- Task input
------------------------------

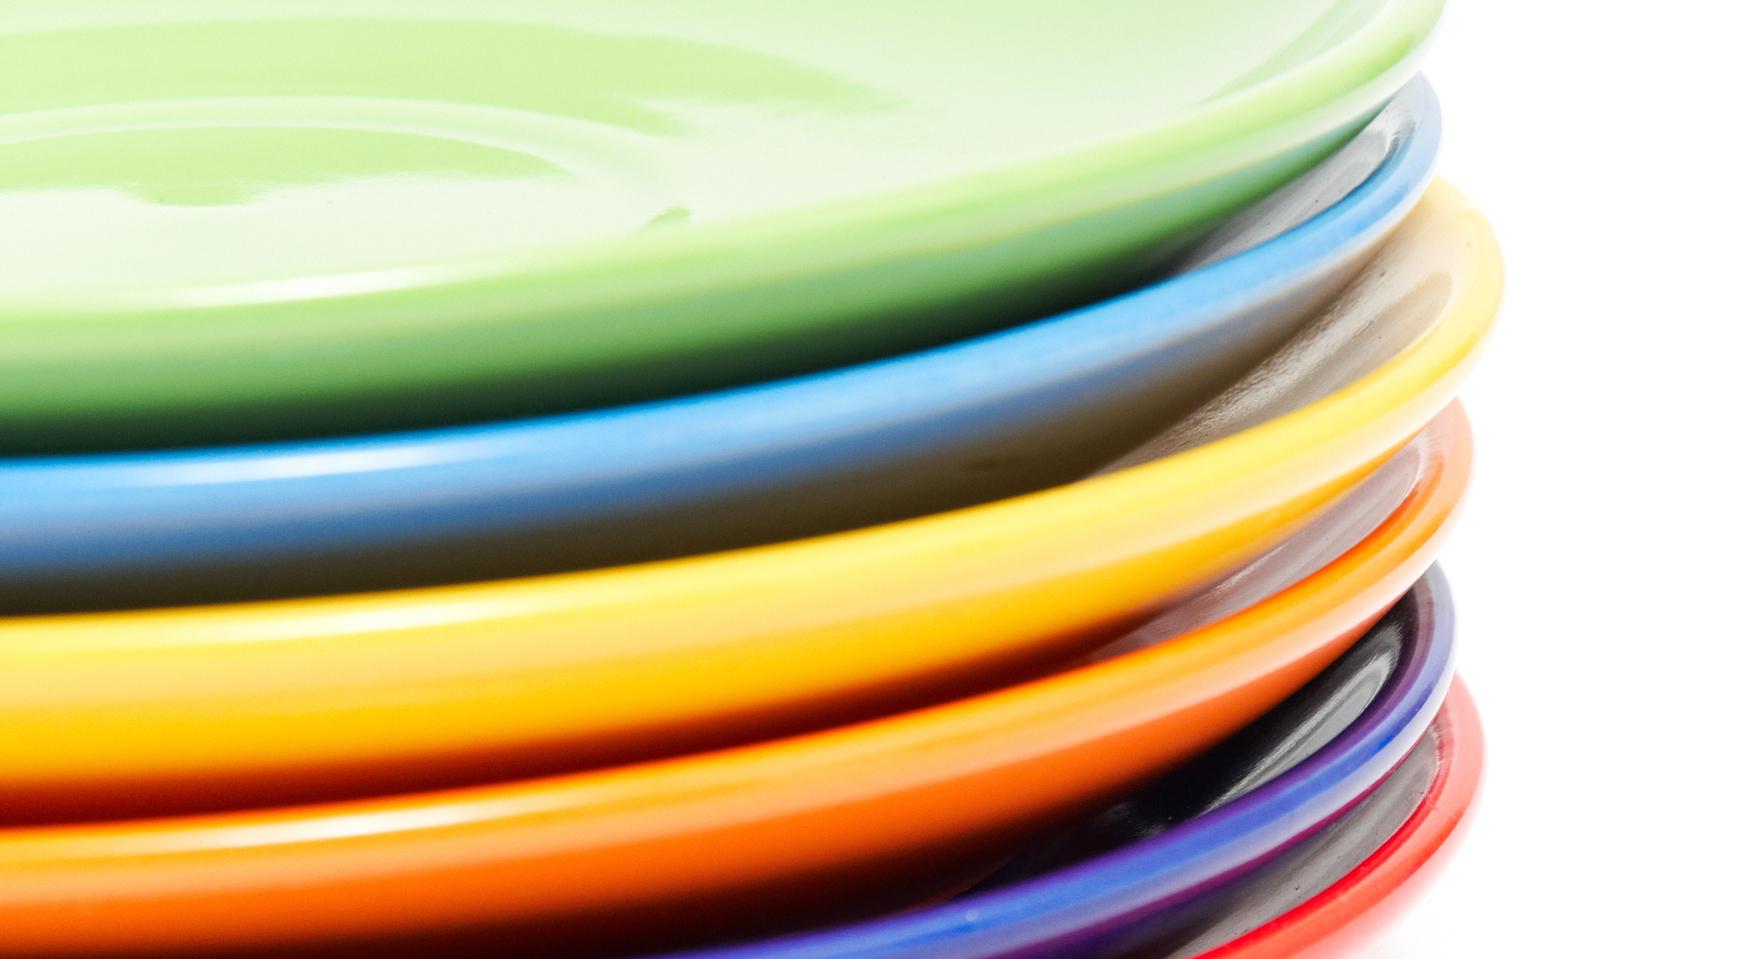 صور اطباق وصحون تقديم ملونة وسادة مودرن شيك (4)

------------------------------

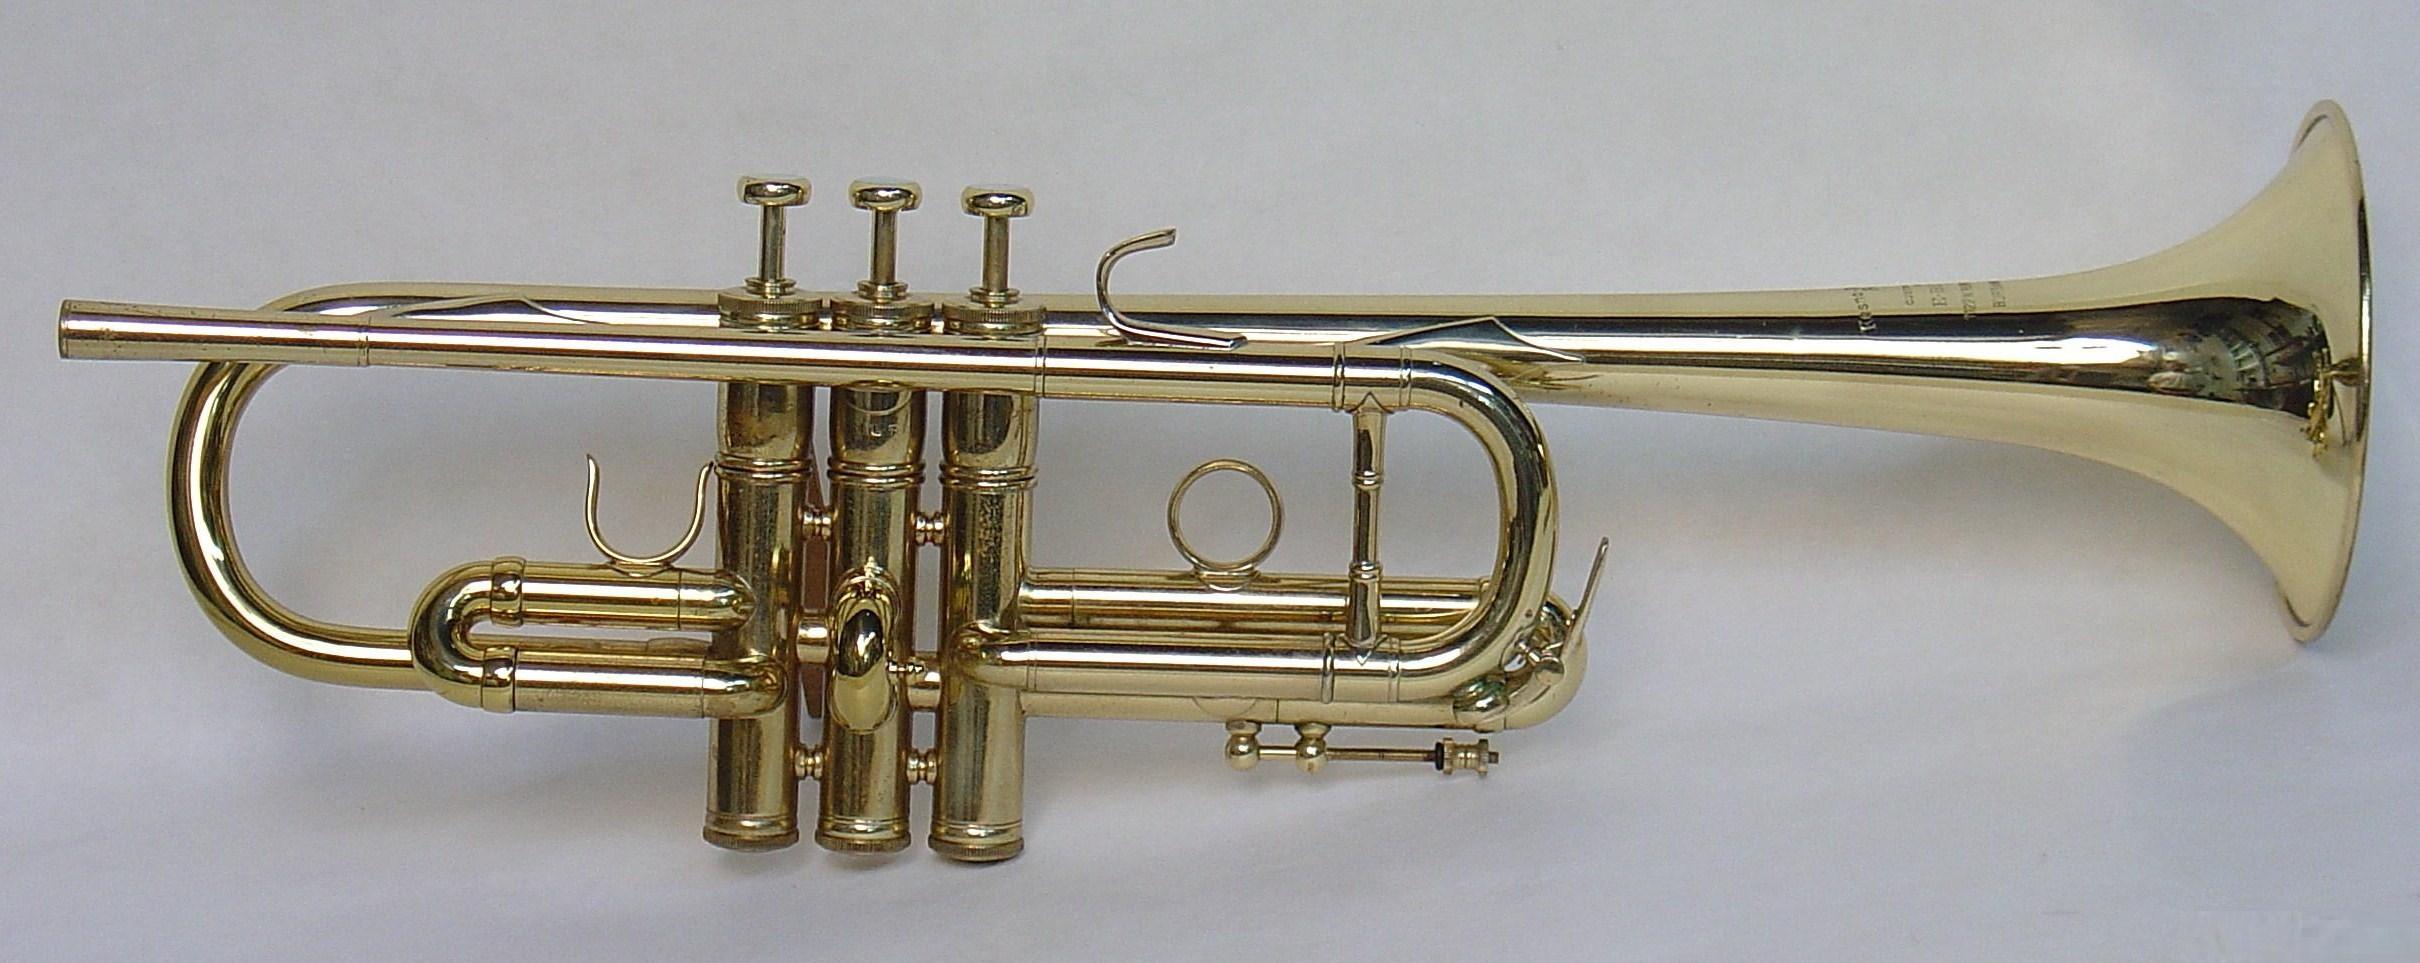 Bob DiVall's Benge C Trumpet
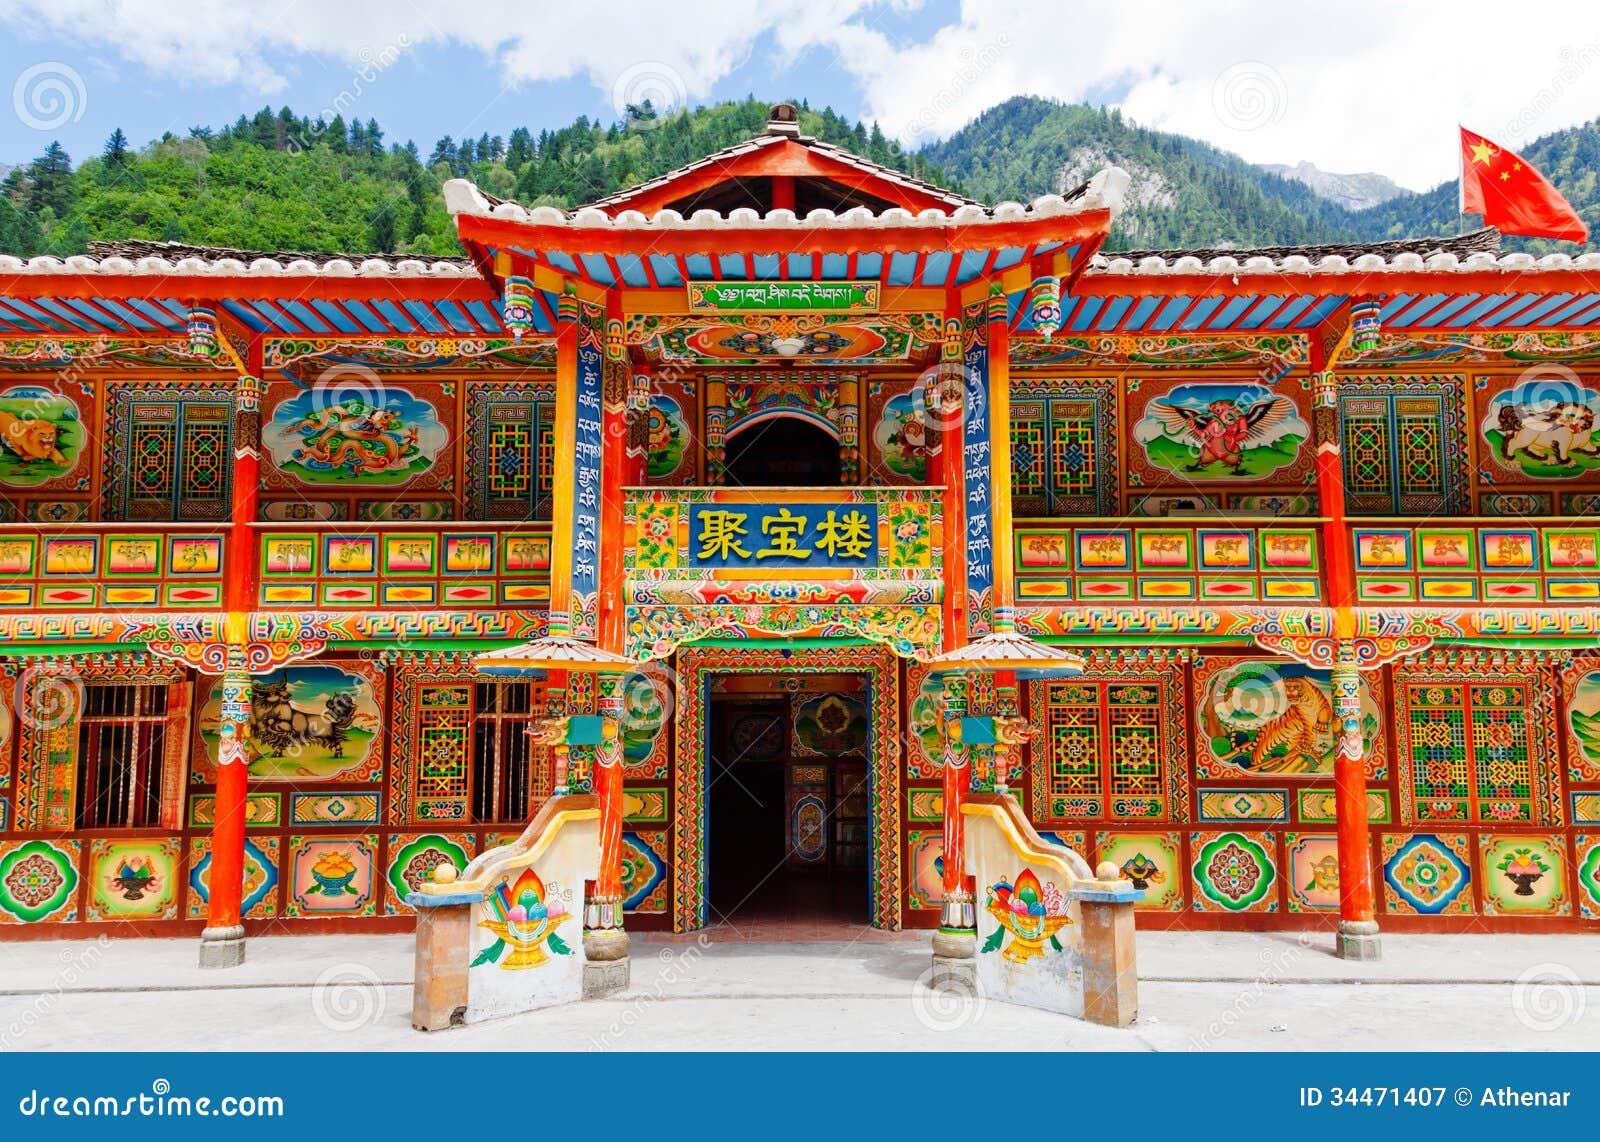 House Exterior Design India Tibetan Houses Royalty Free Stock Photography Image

------------------------------

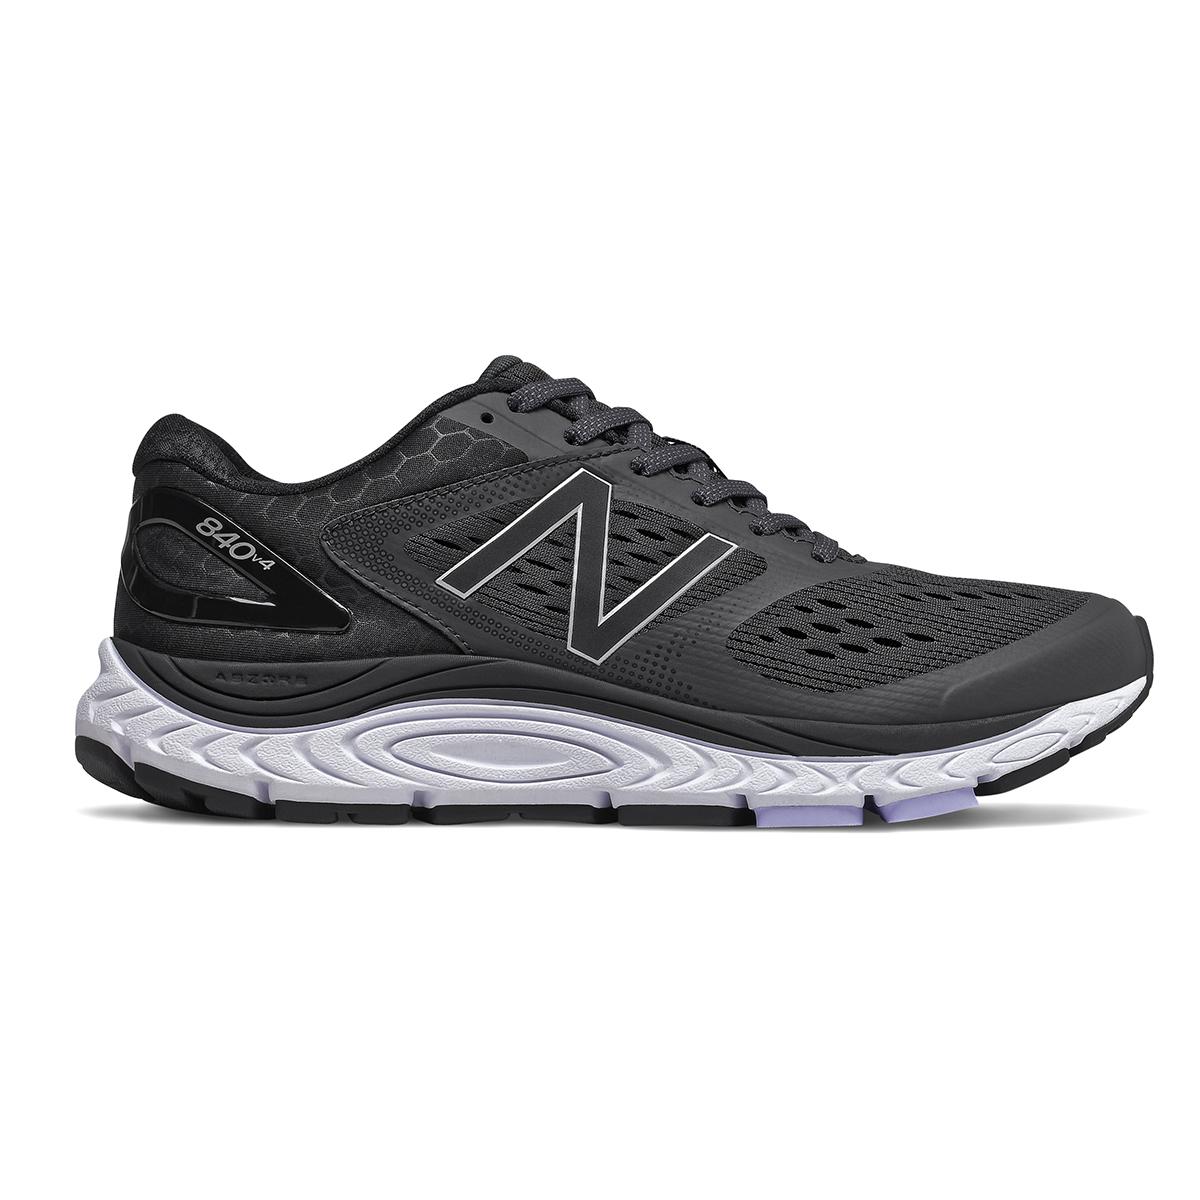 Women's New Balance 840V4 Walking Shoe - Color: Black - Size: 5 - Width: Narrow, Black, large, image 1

------------------------------

- Work item
Above are some records. Reproduce the lines from the one with "Bob DiVall's Benge C Trumpet" down to the one with "House Exterior Design", keeping both, and leave every picture out.

- Response box
 Bob DiVall's Benge C Trumpet
 House Exterior Design India Tibetan Houses Royalty Free Stock Photography Image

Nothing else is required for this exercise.